Technology

RACHEL MARTIN, HOST:

OK, here's a question. If a tree falls in the forest and someone records it, does the sound last forever? We are increasingly finding out that the answer is no. Fragile records from the 1940s are breaking, cassette tapes from the '80s are falling apart, not even digital is forever.

NPR's Emily Siner explores how the Library of Congress is trying to save millions of our nation's recordings before they're lost.

EMILY SINER, BYLINE: When an archaeologist discovers fragments of a civilization, the result is pretty incredible. Just listen to Andrea Berlin. She's an archaeologist and professor at Boston University, and her very first dig was in southern Israel.

ANDREA BERLIN: I found myself excavating the room of a house that somebody had lived in, in around 800 BCE.

SINER: Oh, my gosh.

BERLIN: That's what I thought. I felt like a time traveler.
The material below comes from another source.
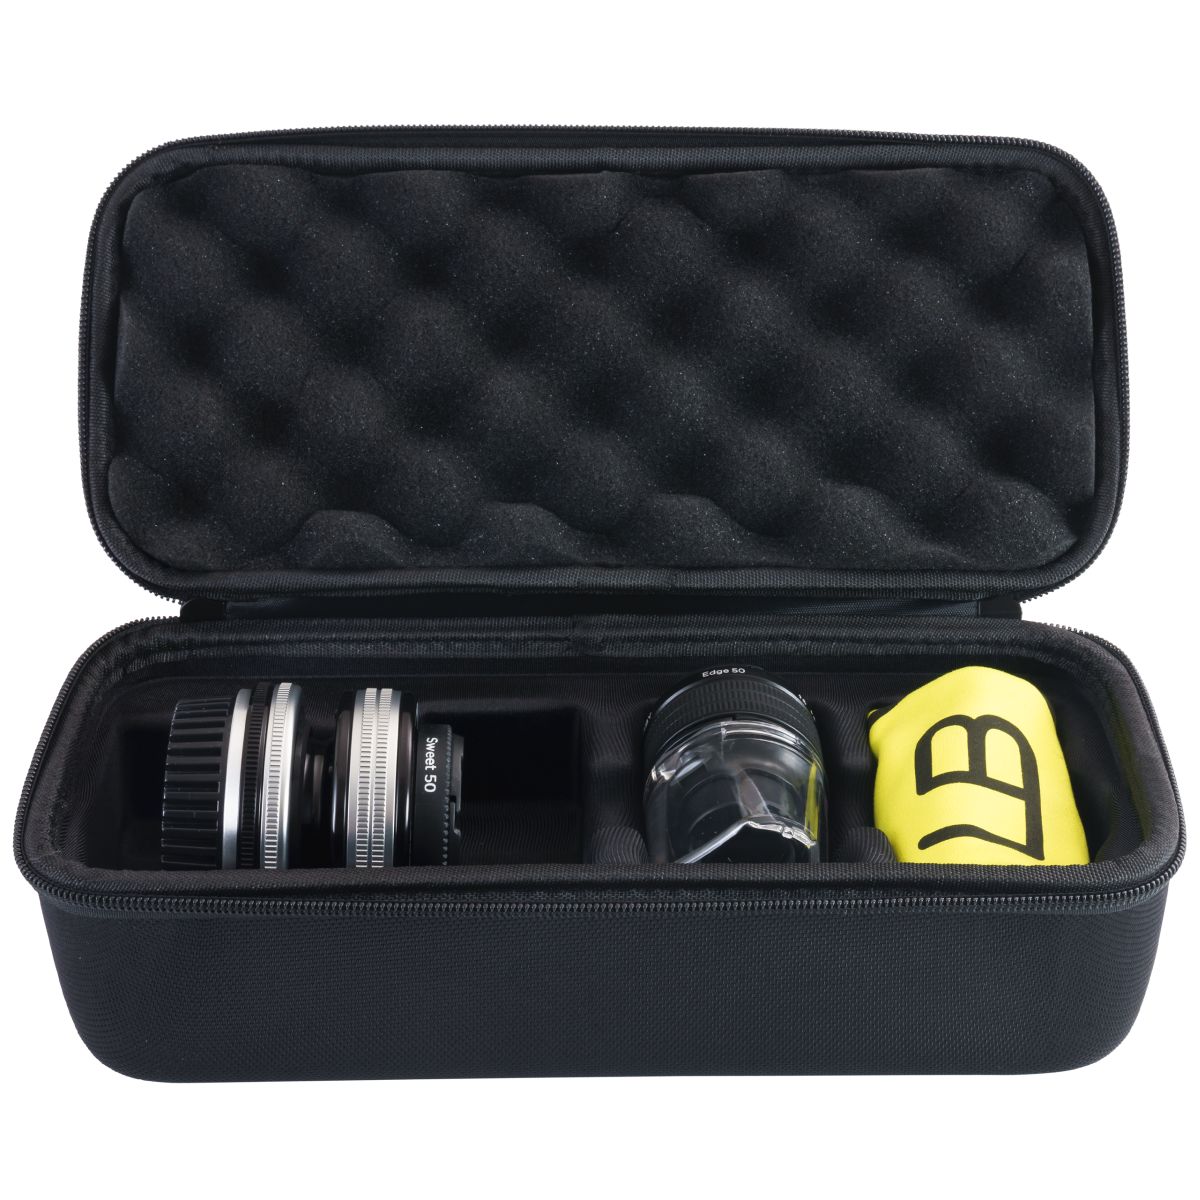 Lensbaby Optic Swap Intro Collection Nikon F

SINER: Berlin studies people in the Mediterranean from 2- or 3,000 years ago. She finds their sculptures and tools, and lots of pottery. But one thing she doesn't find is their audio.
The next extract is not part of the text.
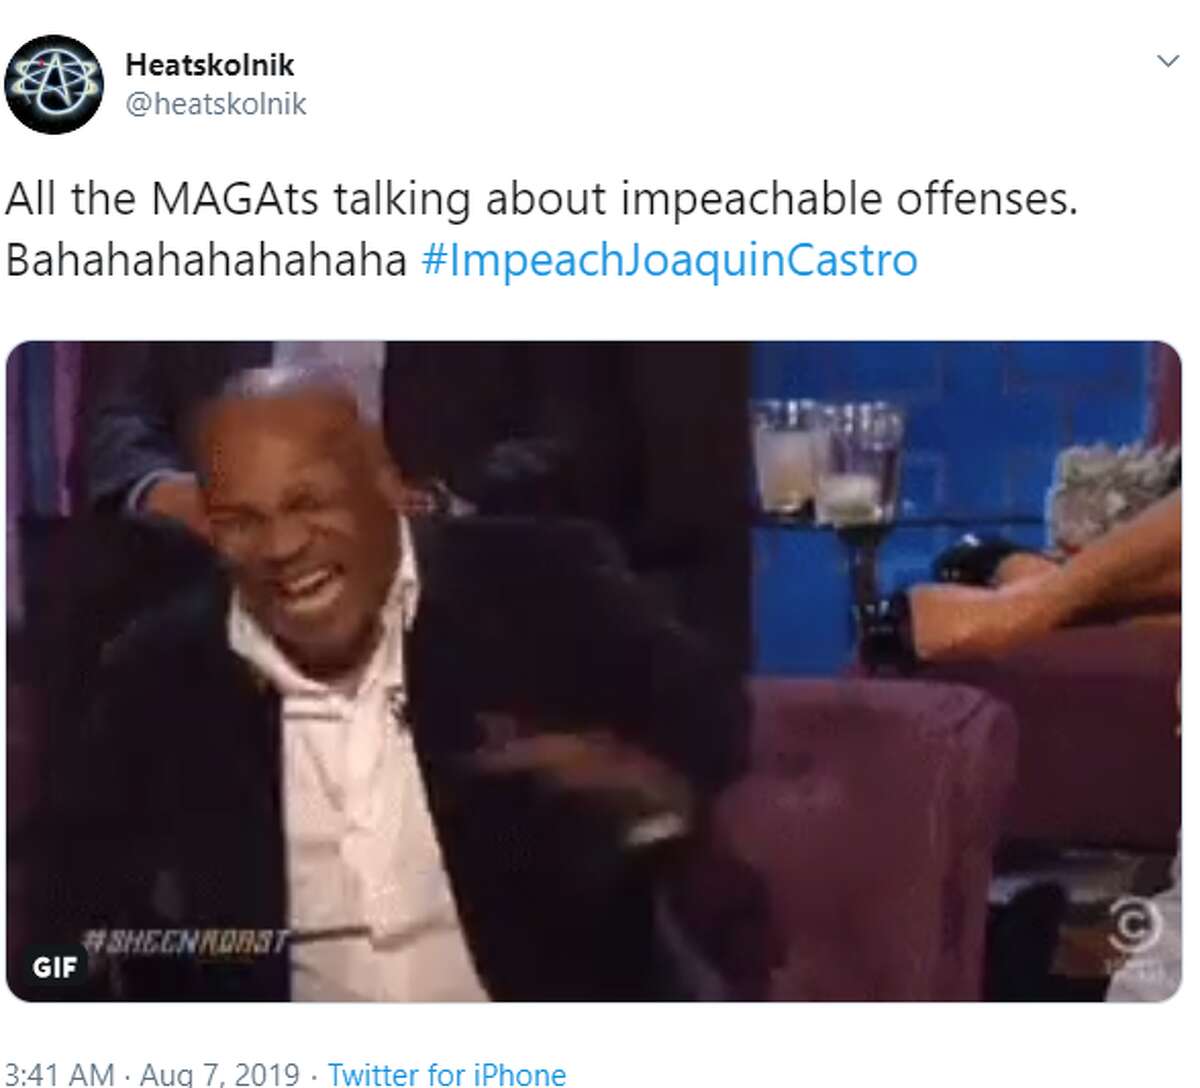 @heatskoInik: All the MAGAts talking about impeachable offenses. Bahahahahahahaha #ImpeachJoaquinCastro

BERLIN: I think archaeologists are jealous of historians who have modern information sources - audio, for example; individual interviews and shows and recordings.

SINER: Because sound adds another layer of context to history. Gene DeAnna at the Library of Congress has an example.
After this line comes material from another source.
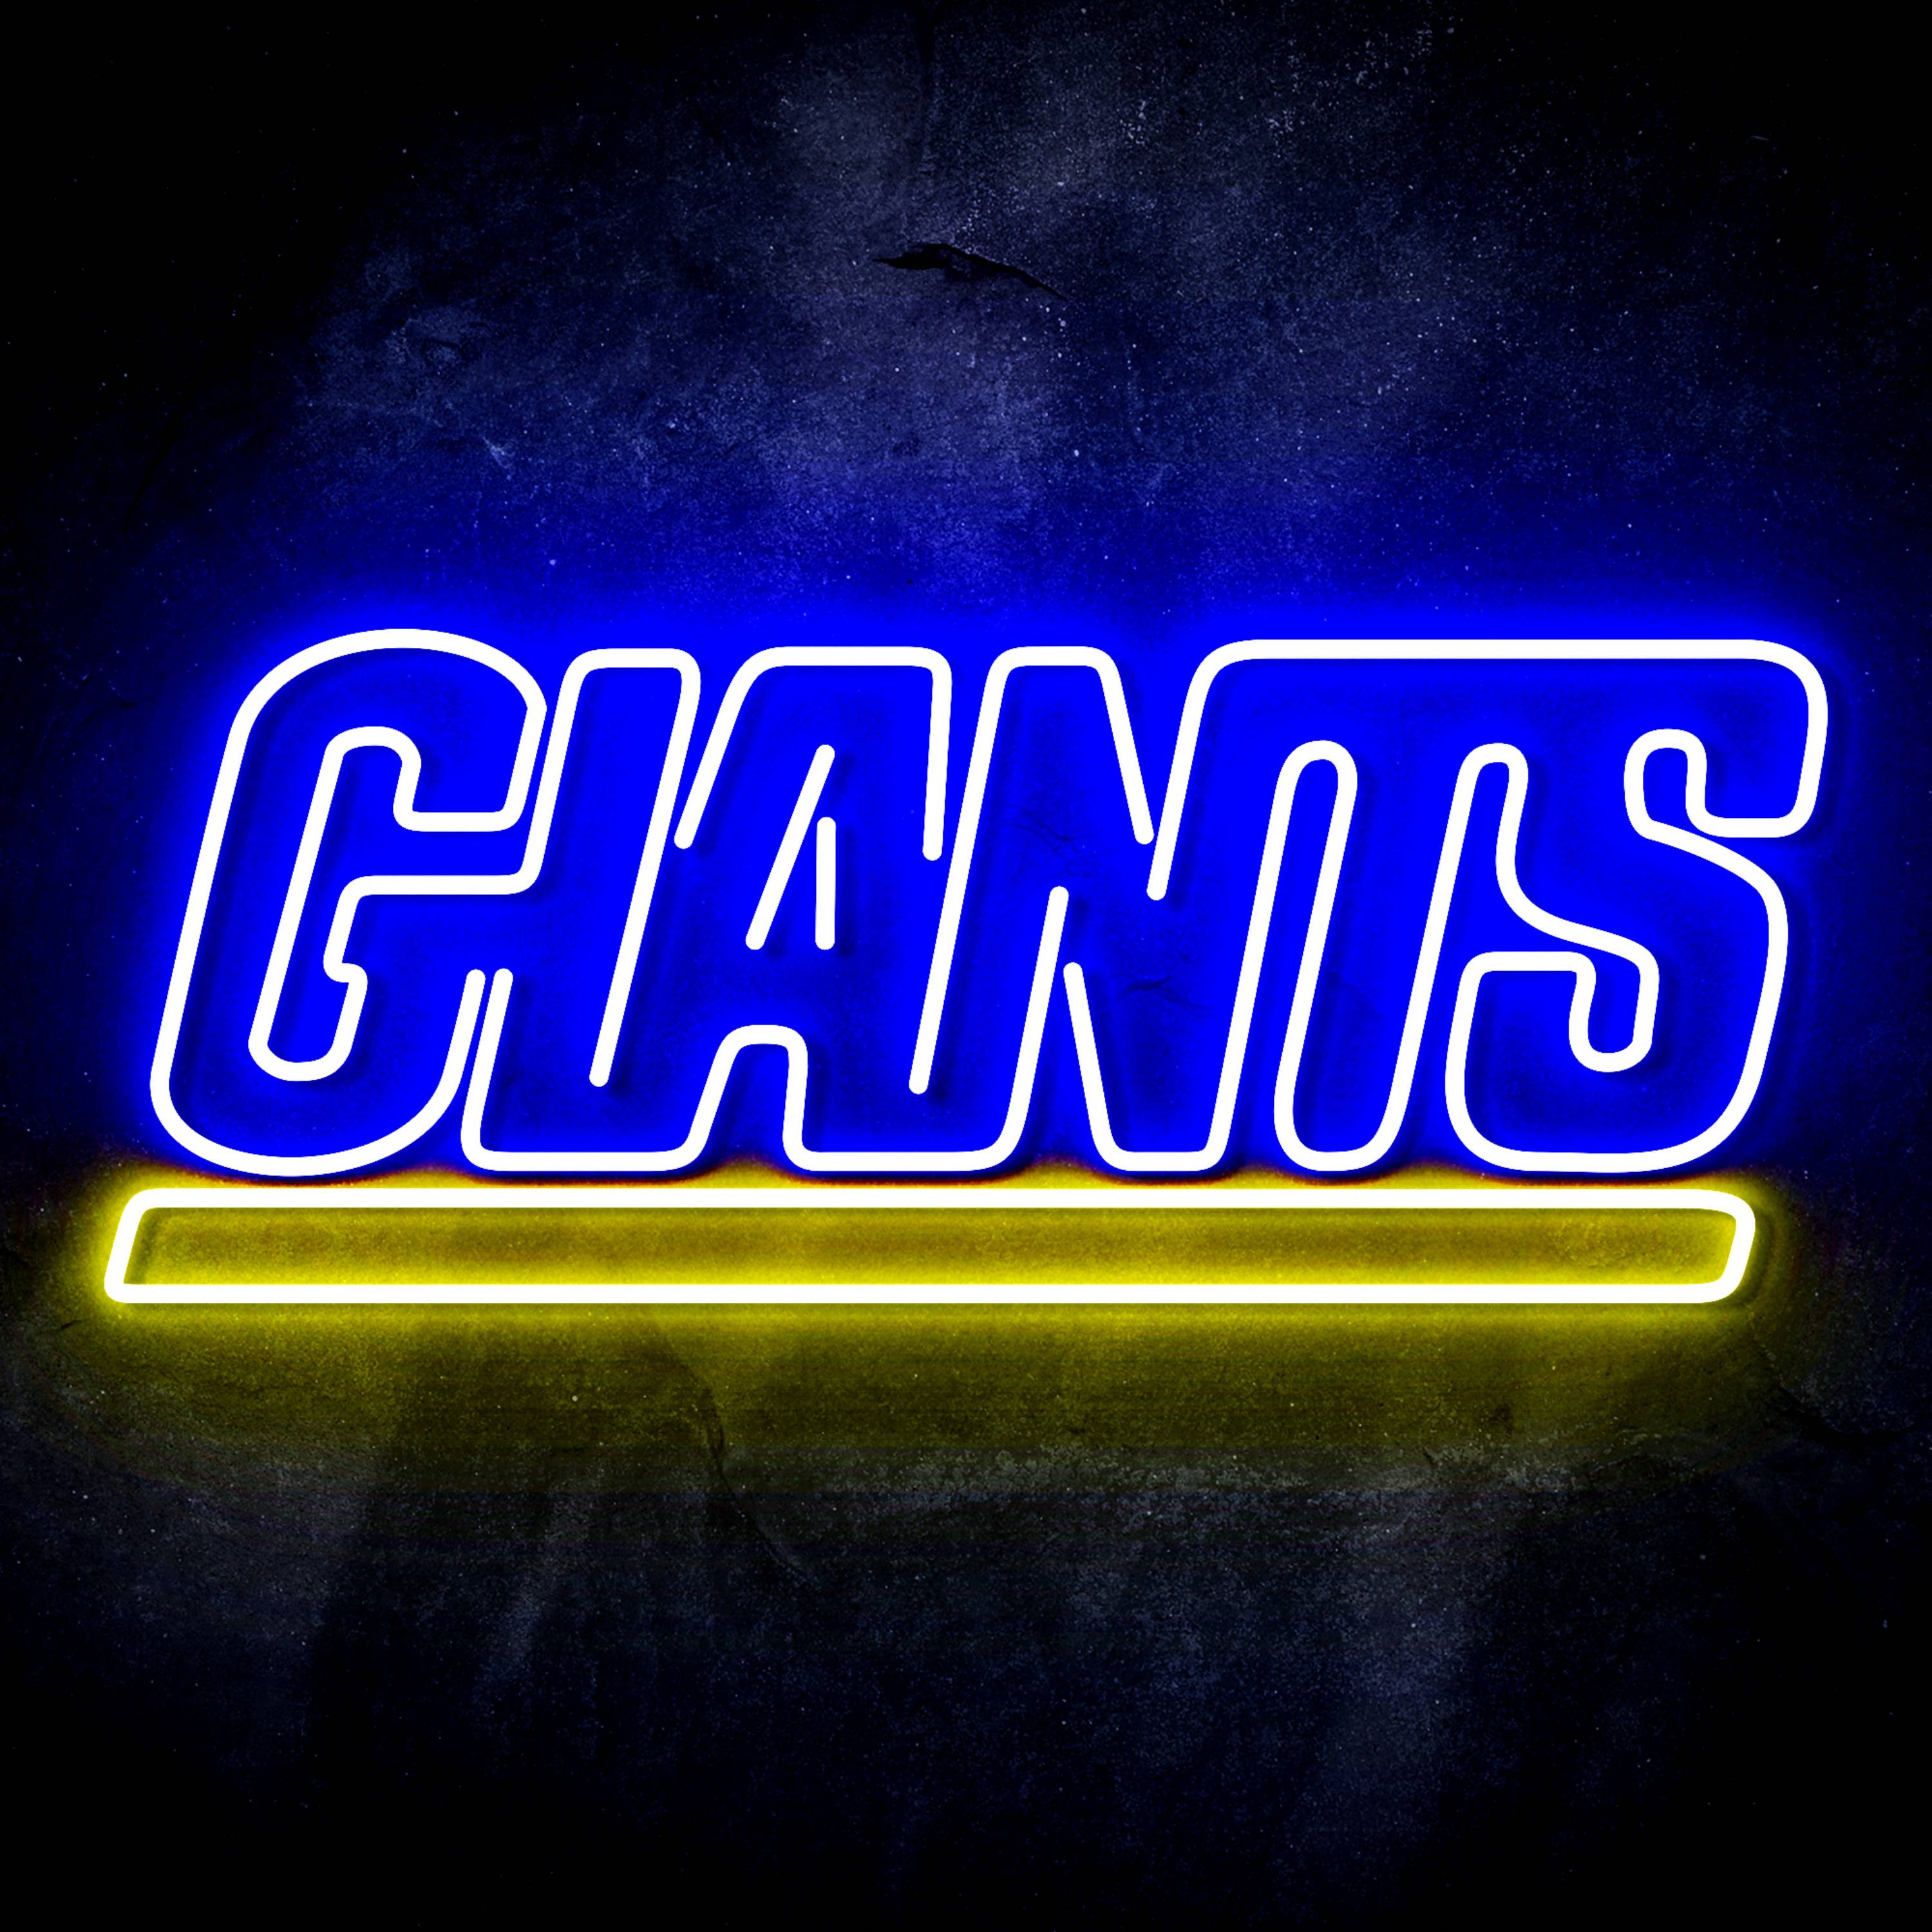 NFL GIANTS LED Neon Sign

GENE DEANNA: Hearing Martin Luther King's "I Have a Dream" speech.

(SOUNDBITE OF ARCHIVED RECORDING)

THE REV. DR. MARTIN LUTHER KING JR: I have a dream that one day, this nation will rise up and live out the true meaning of its creed...

DEANNA: To hear him say it, rather than read the words, is a much more visceral and significant, I think, medium for it.

SINER: DeAnna oversees the library's decades-long project to digitize the sounds of the past, from iconic speeches...

(SOUNDBITE OF ARCHIVED RECORDING)

PRESIDENT FRANKLIN D. ROOSEVELT: That the only thing we have to fear is fear itself...

SINER: ...to patriotic songs from World War I...

(SOUNDBITE OF ARCHIVED RECORDING)

UNIDENTIFIED SINGER: (Singing) Make your mother proud of you and the old red, white and blue

SINER: ...to operatic tenor Enrico Caruso, singing in 1904.

ENRICO CARUSO: (Singing in foreign language)

SINER: But preserving audio is a bigger job than it sounds. When working with old formats, it's a race against time. With wax cylinders from the 1890s, the heat from your hands can cause them to crack. Records made of glass during World War II are so fragile that they can break even when they're handled properly. And DeAnna says if it's on a cassette tape, it's automatically at risk.

DEANNA: No matter how well it was recorded, by whom, on what equipment, it's on a cassette, and it's just a terrible format for archiving.

SINER: So this is a big job. They're digitizing about 15,000 recordings a year. And that's only a fraction of what they have.

DEANNA: We're probably acquiring between 50- and 100,000 a year. We're at least stabilizing them in a good environment so that their deterioration will slow down. And we'll, hopefully, get to most of them before they're lost.

SINER: The good news is, they're not the only ones working on it. Other institutions - like the Harvard Library and Lawrence Berkeley National Laboratory - are also making strides in preserving audio. The trick is preserving not only the audio from the past, but also the audio we're recording today.

Andrea Berlin says if that survives, future archaeologists will be thrilled.

BERLIN: I'm always thinking: Well, in 200 years and in 500 years and in 1,000 years, there will be other people studying us. Maybe they'll be able to hear us.

SINER: Emily Siner, NPR News, Washington.